Combative warnings from U.S. President Donald Trump cast a shadow over Sino-U.S. trade talks which concluded in Shanghai on Wednesday. Beijing attributed the lack of progress to Washington’s flip-flopping.
The fresh trade tensions come ahead a U.S. Federal Reserve meeting which is expected to see interest rates reduced by 25 basis points (bps) in its first rate cut in more than a decade.
Yet the focus is on whether it will leave the door open for further easing to shore up the world’s largest economy in the face of slowing global growth and the fallout from trade conflicts.
MSCI’s broadest global stock index and Europe’s pan regional STOXX 600 slipped 0.1%, the latter flirting with a fresh one-month low as worries over trade wars and Brexit offset encouraging signals from the earnings season. London’s FTSE fell 0.3% while Frankfurt stocks gained 0.2% and Paris was treading water.
In focus were banks, with strong results from French lender BNP Paribas and Switzerland’s Credit Suisse countering a poor report from British bank Lloyds. “Trade talks have finished without an agreement,” said Justin Onuekwusi, fund manager at Legal & General Investment Management.
“Of course, it doesn’t help that almost as a prelude to the conversation you get tweets that are quite antagonistic,” he said, referring to a tweet by Trump warning China against waiting out his current presidential term before finalising a trade deal.
In Asia, shares ex-Japan fell to a six-week low with China mainland stocks down nearly 1% and Hong Kong tumbling 1.3%. Japan’s Nikkei declined by 0.7%.
China data showing factory activity shrank for the third month in a row in July added to the sombre mood.
But U.S. futures pointed to main indexes opening higher. On Tuesday, major Wall Street stock averages ended slightly lower with the S&P 500 losing 0.26%.
After the closing bell in the United States, Apple shares rose 4.2% as its April-June earnings beat estimates and CEO Tim Cook cited “marked improvement in Greater China”.
Expectations for Fed easing helped lift the S&P 500 index 2.4% so far this month. Fed funds rate futures are now fully pricing in a 25 basis point rate cut on Wednesday and another 25 basis point reduction by September.
“Exactly what happens today is far from a foregone conclusion,” said Deutsche Bank’s Jim Reid in a note to clients.
“Although the Fed have given no real encouragement to the notion of a 50 basis point (bps) cut it’s worth noting that the last time the Fed began a series of rate cuts, in September 2007, their opening move was a 50 bps cut, and a similar 50 bps cut happened when the Fed began cutting in January 2001.”
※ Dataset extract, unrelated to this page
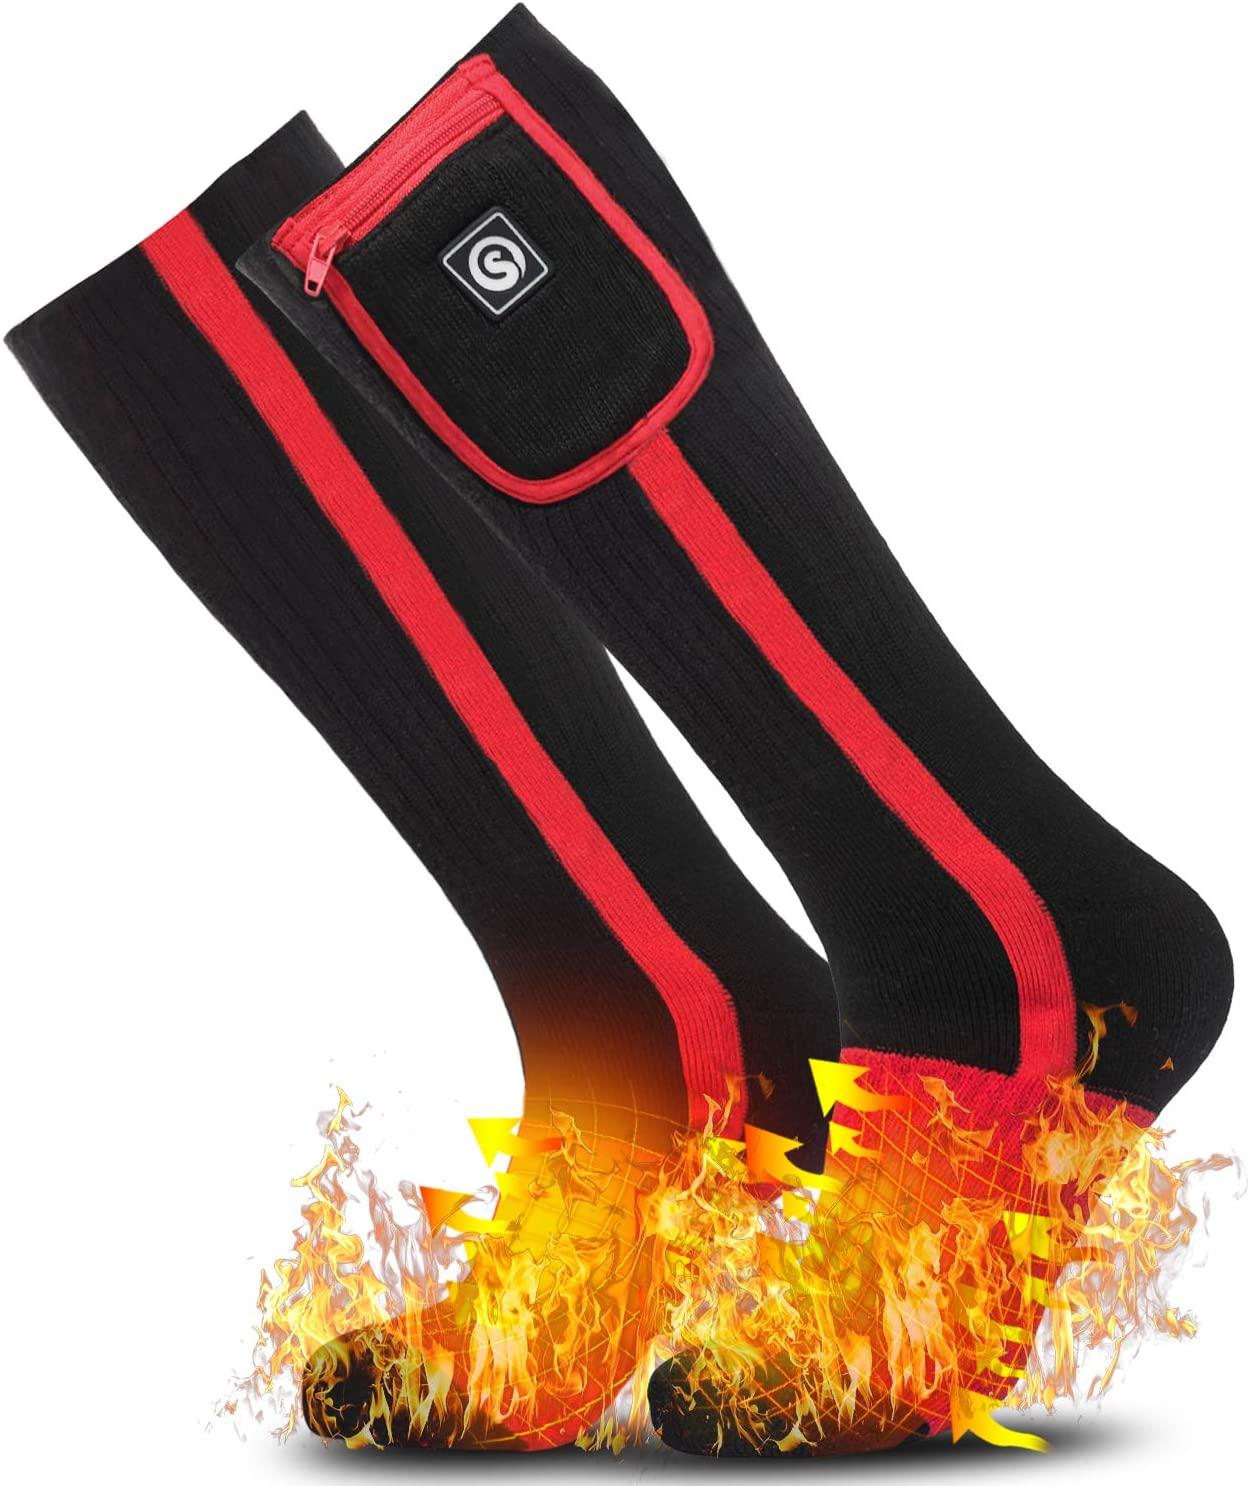 Bezdoteku Vyhrievané ponožky podkolienky Savior BR čierne vel. S

Trump on Tuesday reiterated his call for the Fed to make a large interest rate cut, saying he was disappointed in the U.S. central bank and that it had put him at a disadvantage by not acting sooner.
In currency markets, the dollar index traded flat around 98.064 after pulling back from a two-month high of 98.206 touched on Tuesday.
The greenback was also steady against the yen and the euro, with the former undermined on Tuesday by the BOJ’s decision to refrain from expanding stimulus though it committed to doing so “without hesitation” if required.
Meanwhile the British pound hovered near a 28-month low hit the previous day on growing concerns about a disorderly Brexit.
Sterling traded at $1.2160, not far from $1.2120 marked on Tuesday. It has fallen 4.2% so far this month, on course to log its worst monthly performance since October 2016.
In commodity markets, crude oil futures rose for the 5th straight day, buoyed by a bigger-than-expected drop in U.S. inventories. U.S. West Texas Intermediate (WTI) crude gained 28 cents to $58.34 per barrel while Brent crude futures added 48 cents to $65.2.
Three-month copper on the London Metal Exchange (LME) was almost unchanged at $5,950 a tonne.